After about half an hour, Mr. Guzman pulled into a long driveway on 246th Street in Bellerose, Queens, and got out. The police say the house, whose unkempt, trash-filled yard distinguished it from the rest of the neatly groomed lawns on the block, was occupied by a woman who had been babysitting Mr. Guzman’s 3-year-old child for about two weeks.

The lieutenant pulled in behind him, got out of the car, approached with his gun drawn and told Mr. Guzman to stop, Mr. Kelly said. The officers were in plain clothes and an unmarked car, but the car had a flashing red light on the dashboard and the lieutenant was wearing a police gun belt and displayed his shield on a chain around his neck.

But Mr. Guzman, who the police believe was unarmed, grabbed the gun and used what the police described as a judolike move to knee the lieutenant in the groin. The officer also was bruised on the chin, stomach and leg, and received a bite mark on his shooting arm, officials said. The chain holding the lieutenant’s shield was torn from his neck.

“The lieutenant was in a fight for his life, this was an actual fight-for-his-life situation,” said Tom Drogan, the vice president of the Lieutenants Benevolent Fund. The female passenger, whose name the police did not release, told investigators that she was frightened and stayed crouched in the passenger seat, seeing nothing of the fight.

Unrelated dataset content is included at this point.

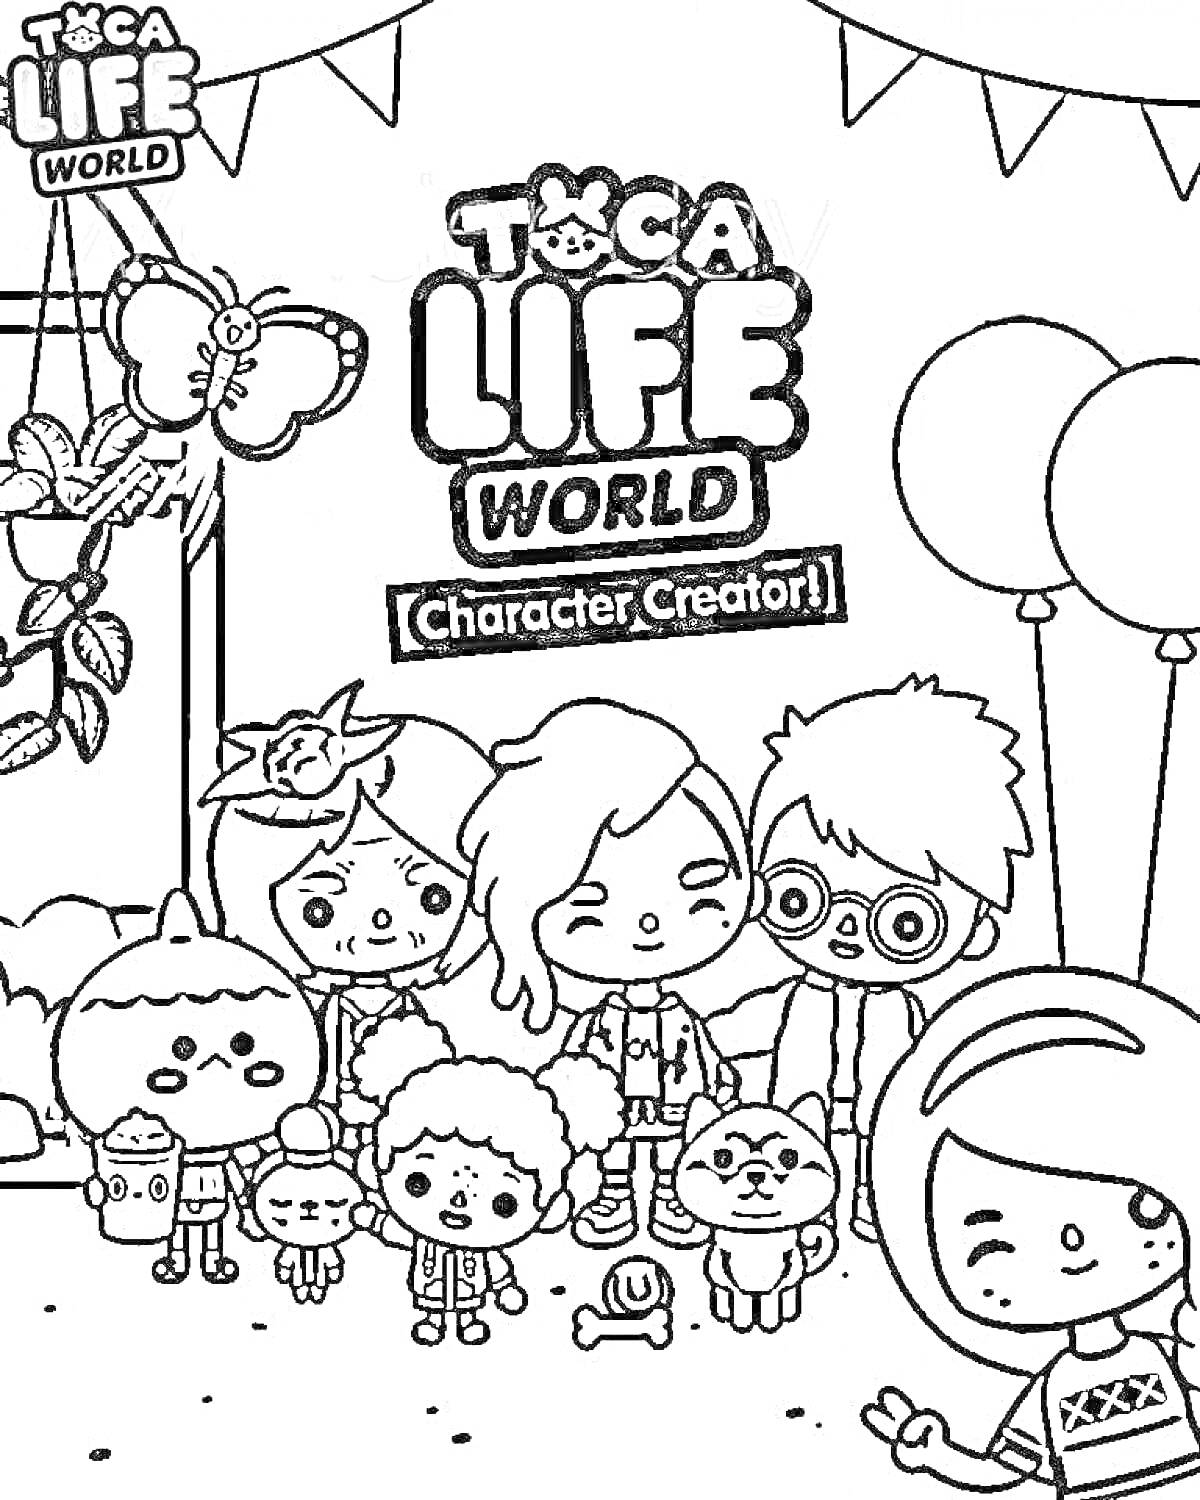 На раскраске изображено: Toca Boca, Toca Life World, Игра, Воздушные шары, Бабочка, Собака, Игрушки, Творчество, Для детей, Персонаж, Растения

During the struggle, the gun went off, the police said, and Lieutenant Bagazunas fell to the ground, yelling, “He’s got my gun.” Mr. Guzman began to turn toward the sergeant, who fired repeatedly while backing away, the police said. The police believe the bullet from the lieutenant’s gun may have hit Mr. Guzman in the abdomen. The sergeant fired eight times, but the police said yesterday that they did not yet know how many rounds hit Mr. Guzman.

As backup officers arrived, the sergeant said, “Get me an address, the lieutenant’s been shot,” according to the police. A call went out over the radio that an officer was down.

The lieutenant, who it turned out had not been shot, was treated at a hospital for minor injuries.

The police said they pieced together their preliminary account of the shooting from evidence at the scene, witnesses, and statements made by the officers involved, who had not yet been formally interviewed.

The lieutenant and sergeant are both veteran officers with clean records, Mr. Kelly said. Neither had been involved in any previous shooting.

Mr. Guzman had several aliases, including David Rodriguez, Chino Rodriguez and David Pipaso, the police said. He had been arrested six times on charges including gun possession, assaulting a police officer, robbery, and attempted murder, and served time in prison for robbery, possession of a forged instrument and criminal mischief. He also had numerous driving violations, and his license had been suspended 29 times.

Corey Kilgannon and Janon Fisher contributed reporting for this article.